§ Dataset content:
----------------

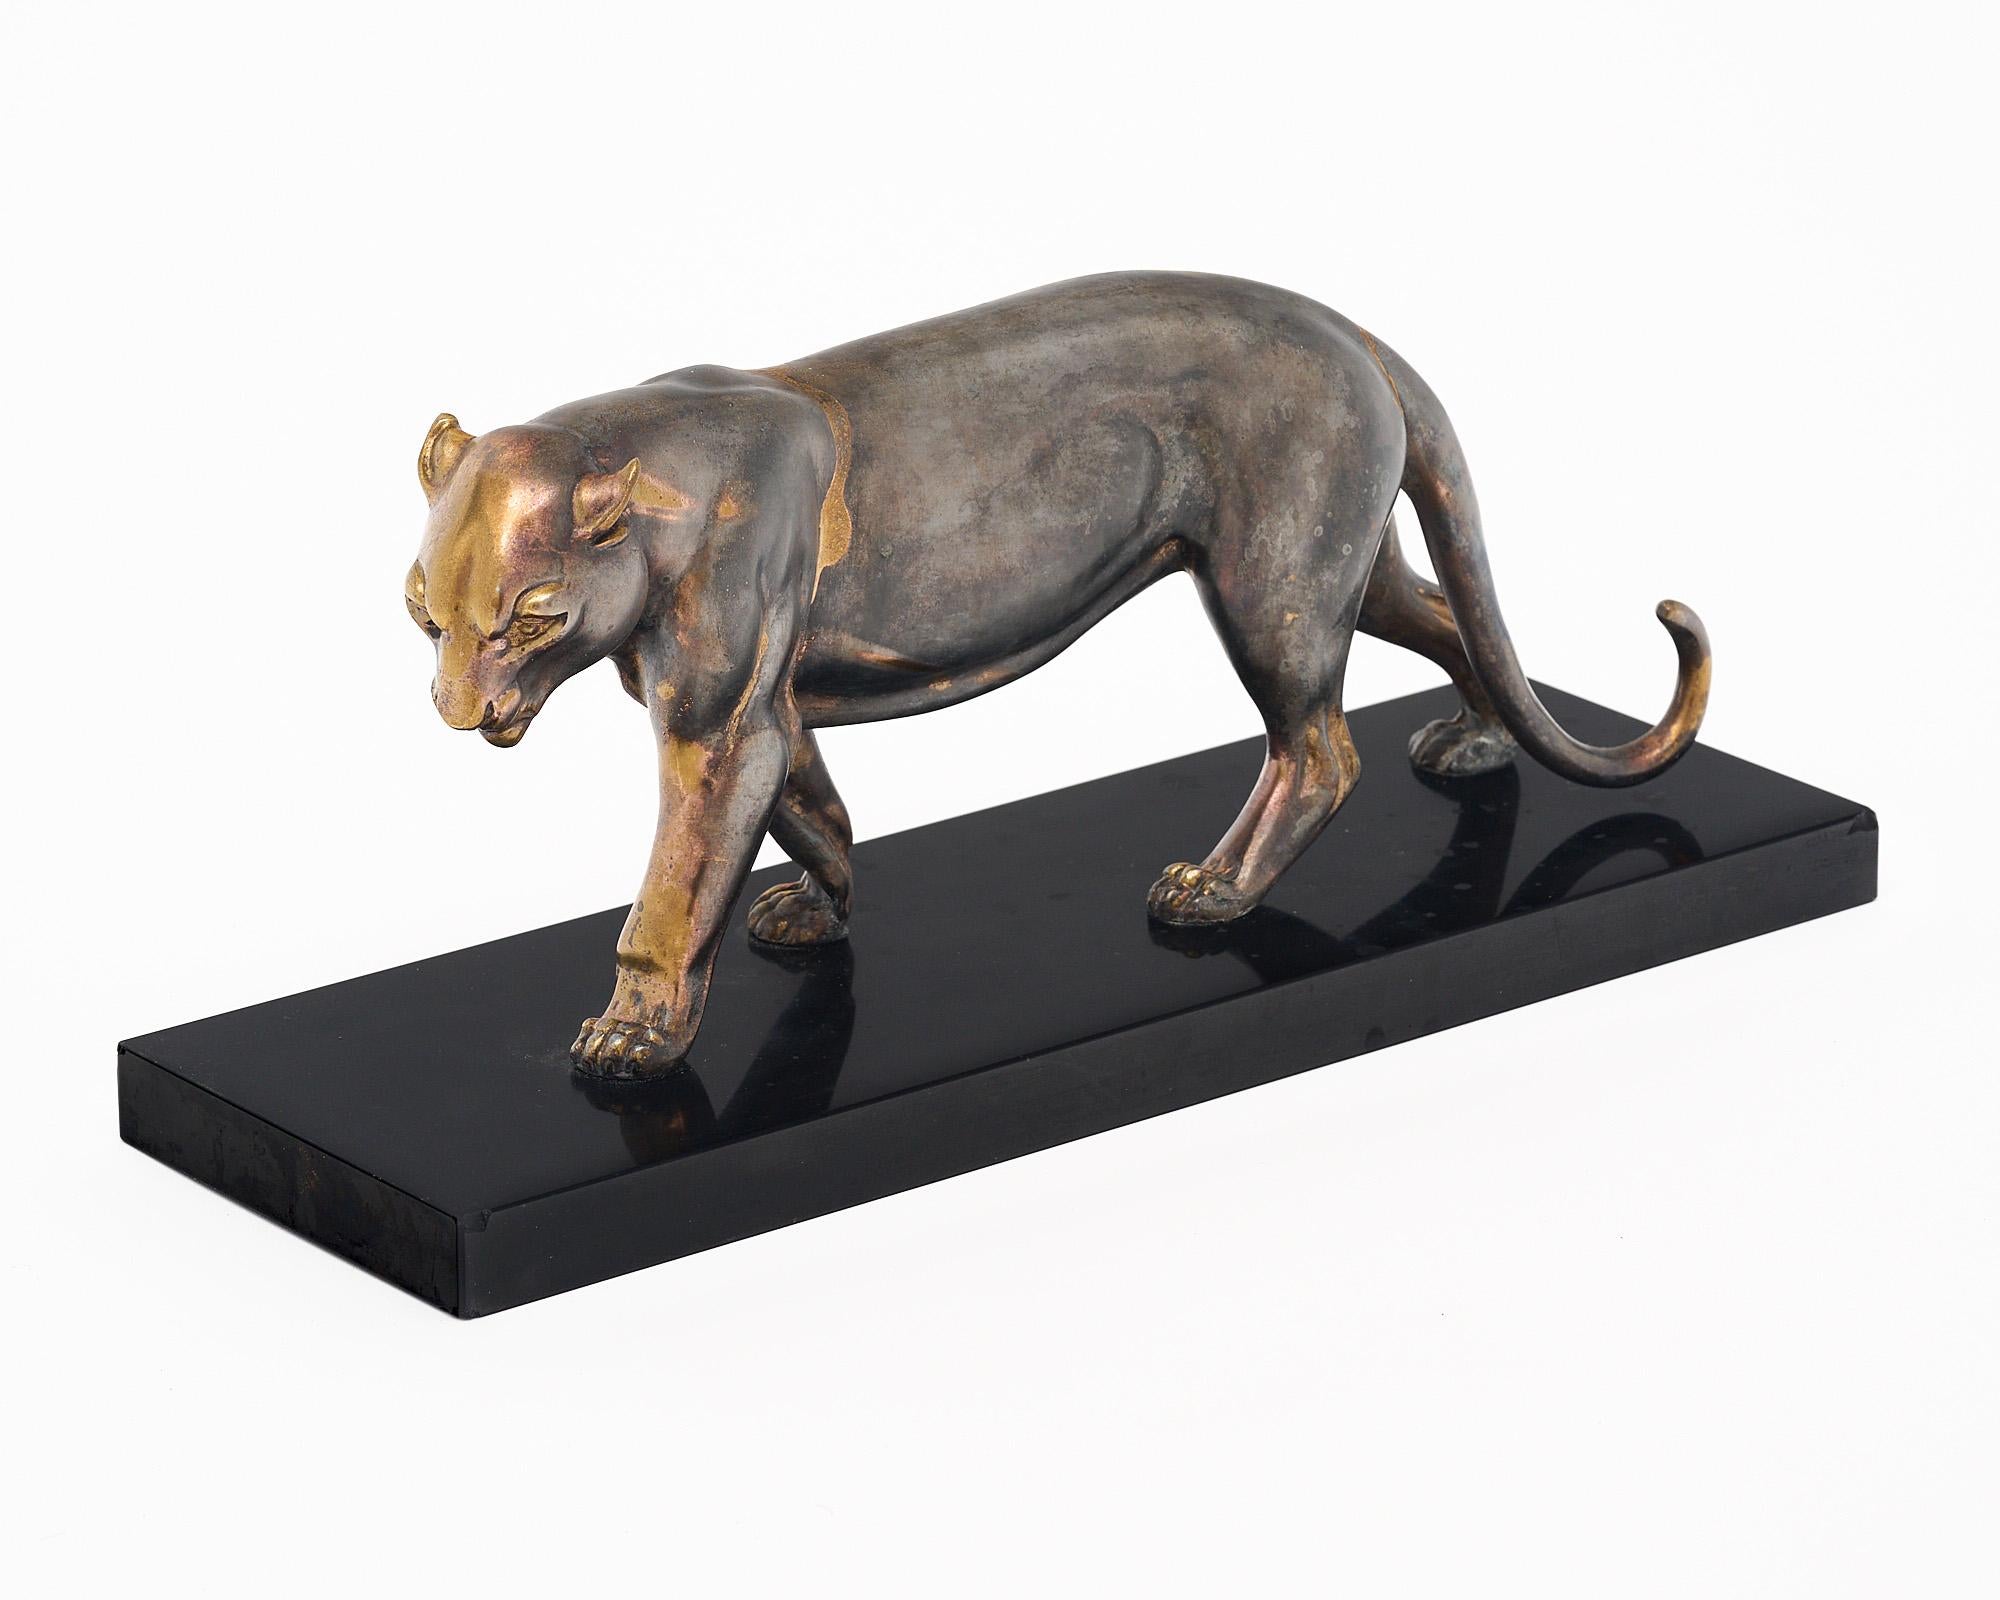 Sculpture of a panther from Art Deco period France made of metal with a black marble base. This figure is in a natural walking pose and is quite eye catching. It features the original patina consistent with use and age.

----------------

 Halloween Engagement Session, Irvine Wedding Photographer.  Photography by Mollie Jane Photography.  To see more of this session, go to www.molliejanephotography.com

----------------

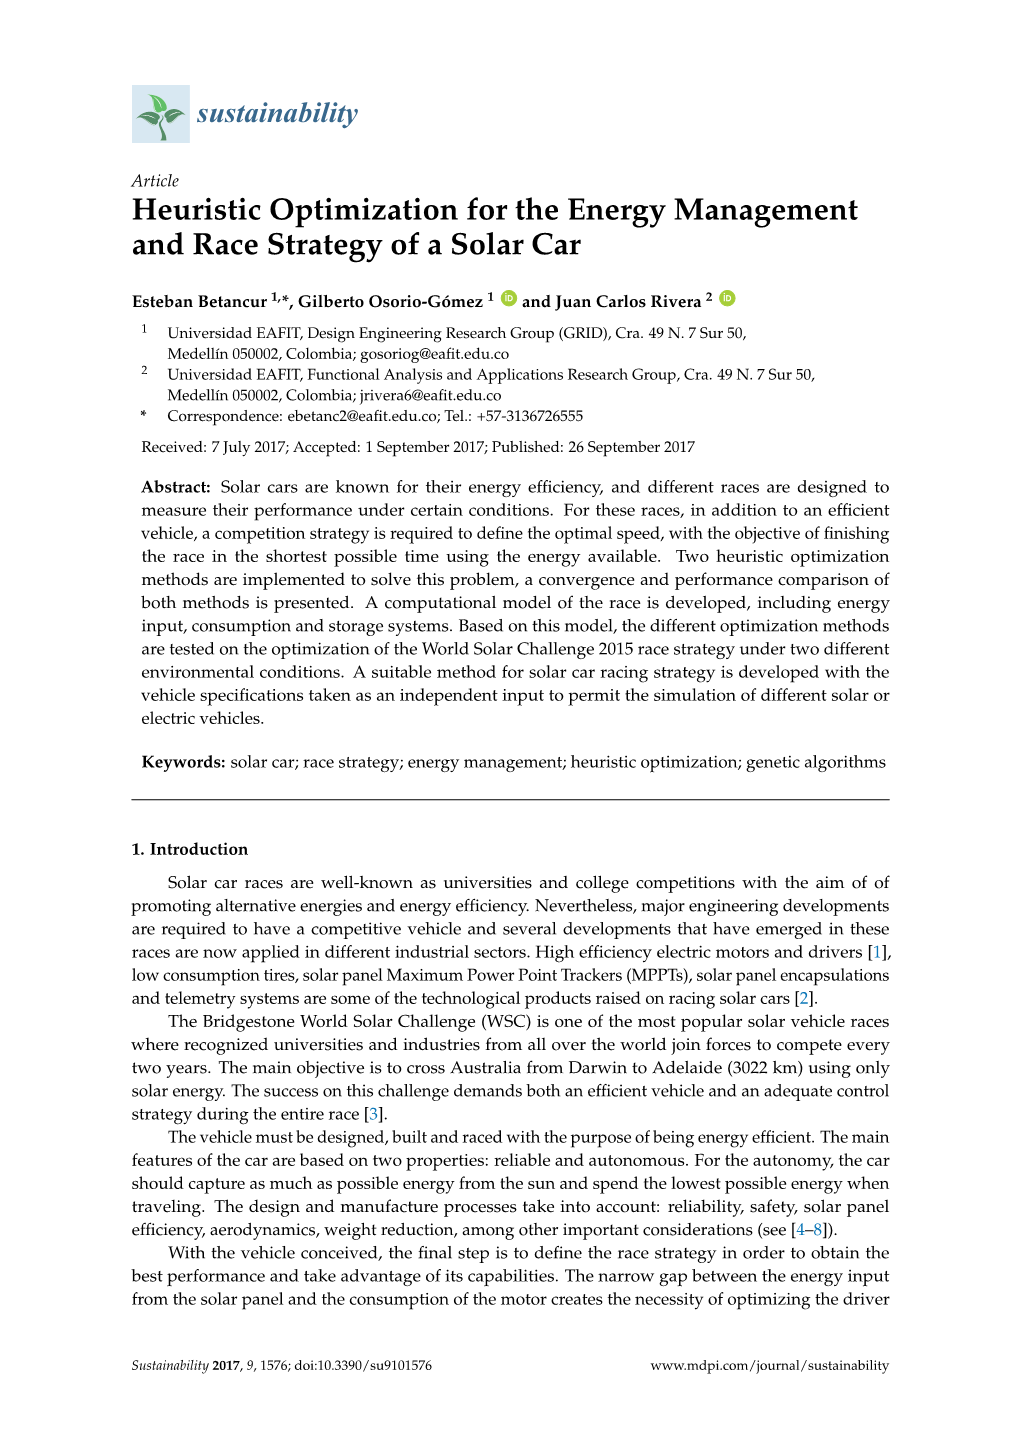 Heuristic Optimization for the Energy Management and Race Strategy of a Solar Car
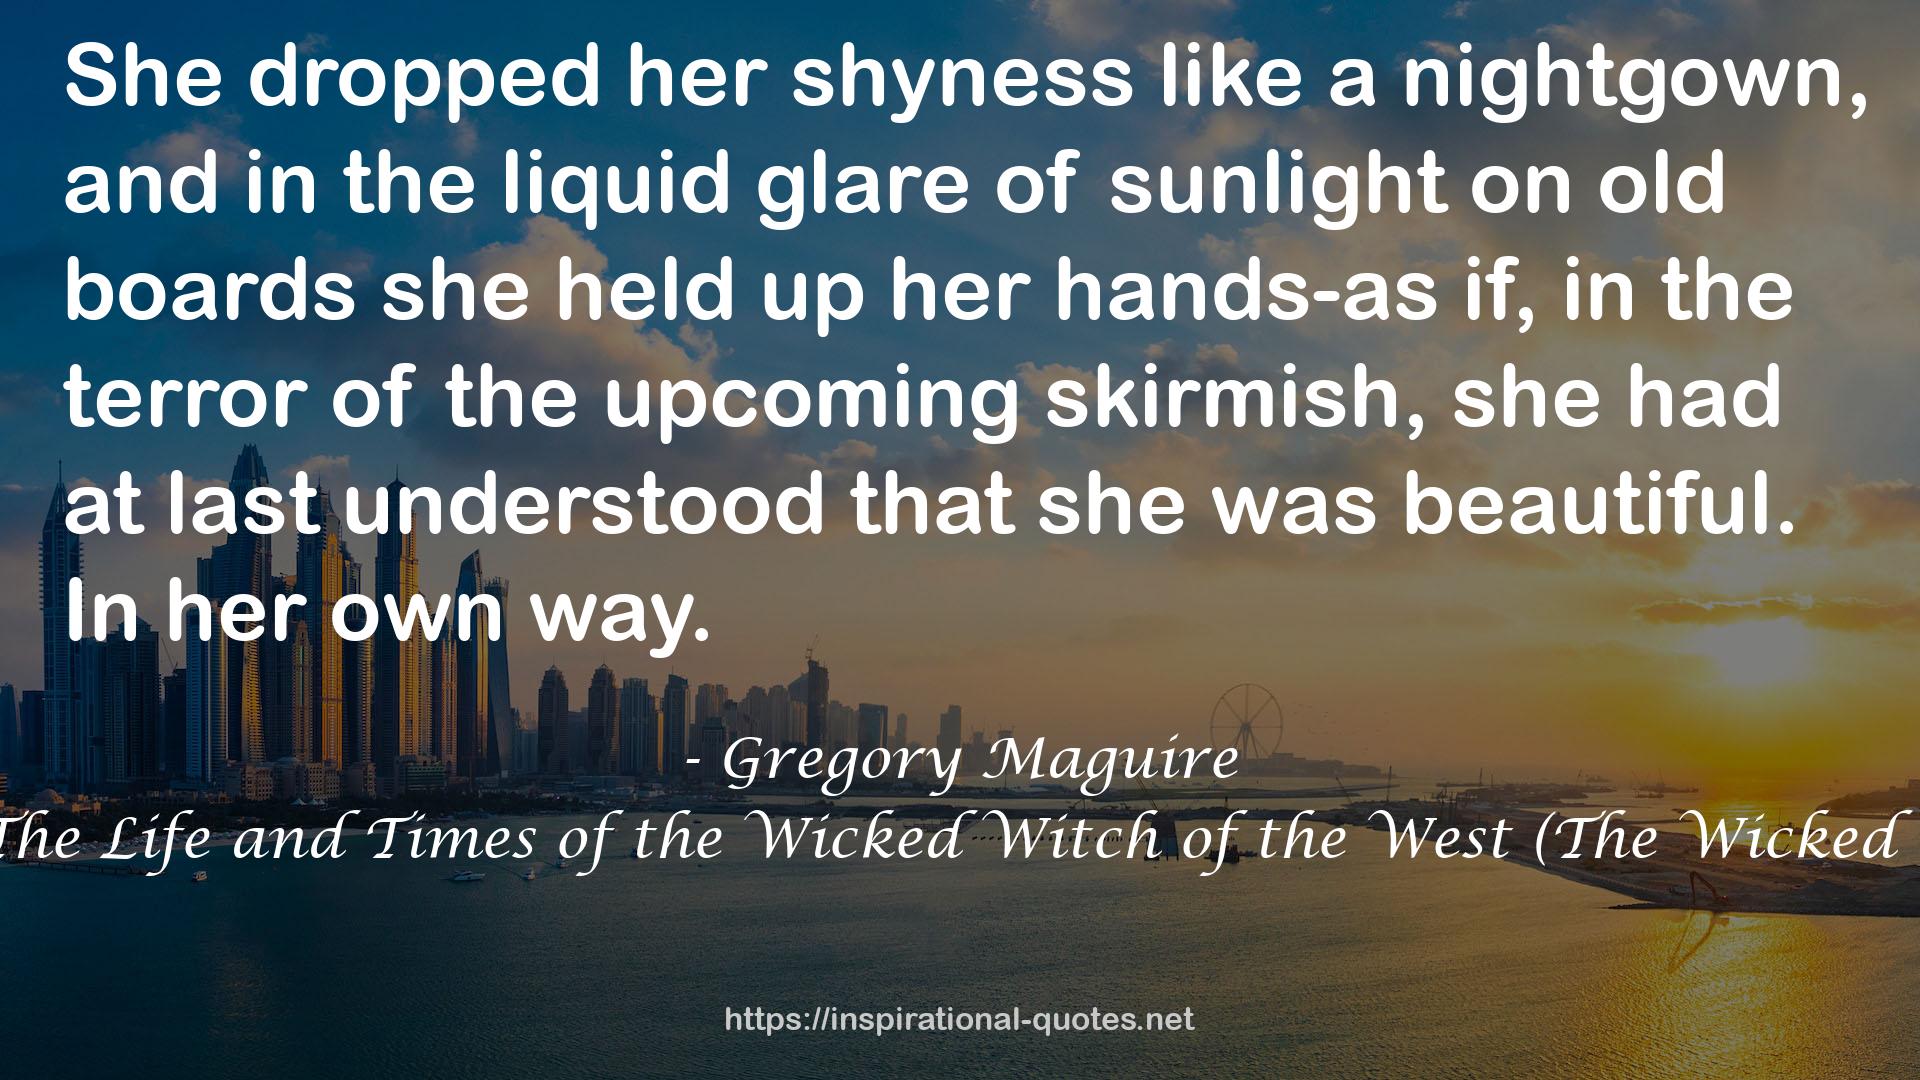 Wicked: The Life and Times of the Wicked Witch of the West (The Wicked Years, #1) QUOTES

----------------

§ Task goal: Copy out the listing above from the line containing "Heuristic Optimization for" to the line containing "Wicked: The Life", both included, exactly as written and minus the images.

§ Result of the exercise:
 Heuristic Optimization for the Energy Management and Race Strategy of a Solar Car
 Wicked: The Life and Times of the Wicked Witch of the West (The Wicked Years, #1) QUOTES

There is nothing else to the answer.